Compositional Scene Understanding through Inverse Generative Modeling¶

Conference: ICML2025
arXiv: 2505.21780
Code: energy-based-model/compositional-inference
Area: Image Generation
Keywords: compositional generation, inverse generative modeling, diffusion models, scene understanding, object discovery

TL;DR¶

This paper proposes the Inverse Generative Modeling (IGM) framework, which reformulates scene understanding tasks as an inversion problem of searching for optimal conditional parameters within compositional generative models.

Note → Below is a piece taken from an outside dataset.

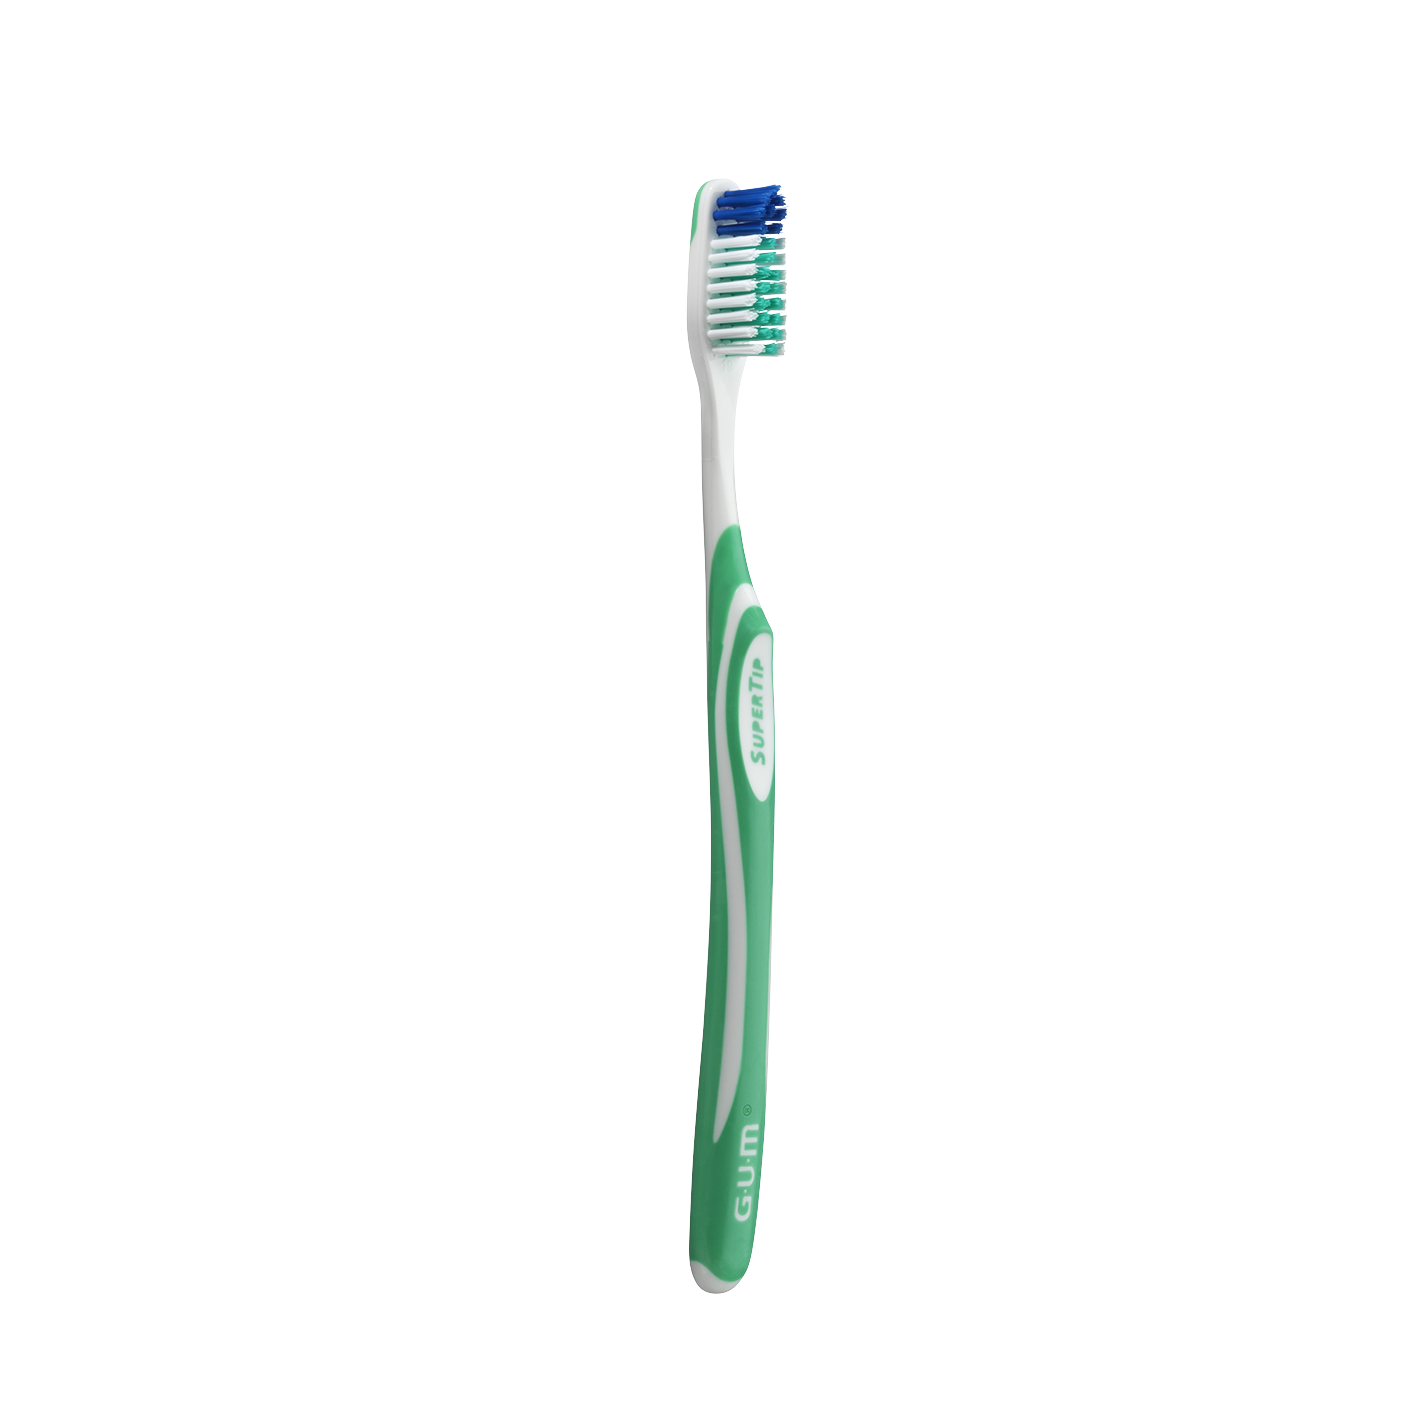 Green Toothbrush PNG HD Images - Toothbrush Png

By composing multiple small diffusion models to represent complex scenes, the method achieves robust out-of-distribution generalization capabilities and directly leverages pre-trained text-to-image models for zero-shot multi-object perception.

Background & Motivation¶

Traditional scene understanding tasks are dominated by discriminative models that learn direct mappings from input images to visual attributes. However, numerous studies have shown that the performance of discriminative models drops significantly under test distribution shifts, with even minor distribution changes leading to severe performance decay.

Generative models have long been recognized for their superior generalization potential, but it was not until the recent advent of diffusion models that they demonstrated competitive results on visual reasoning tasks. However, existing generative inference methods primarily focus on single-label classification tasks. Performing broader scene understanding tasks (such as object discovery and multi-object classification) on scenes much more complex than the training set remains an open question.

The core motivation of this paper is inspired by Richard Feynman's quote, "What I cannot create, I do not understand"—understanding through generation. The authors argue that if a generative model can accurately reconstruct a scene, its conditional parameters naturally capture the understanding of that scene. More crucially, through compositional modeling, simple scene fragments seen during training can be composed to understand far more complex scenes encountered at test time.

Method¶

Overall Architecture¶

This paper formalizes scene understanding as an inverse generative modeling problem. Given an image \(\boldsymbol{x}\), the goal is to infer a set of visual concepts \(\{c^1, c^2, \cdots, c^K\}\) that describe the image. The overall architecture consists of two stages:

Compositional Generative Modeling: Construct a generative model composed of multiple small generative models.
Inverse Inference: Solve an optimization problem to find the conditional parameters that best fit the given image.

Key Design 1: Compositional Generative Models¶

To model the conditional probability distribution \(p(\boldsymbol{x}|c^1, c^2, \ldots, c^K)\), the authors employ a product-of-experts approximation:

\[p(\boldsymbol{x}|c^1, \ldots, c^K) \propto \prod_{k=1}^{K} p(\boldsymbol{x}|c^k)\]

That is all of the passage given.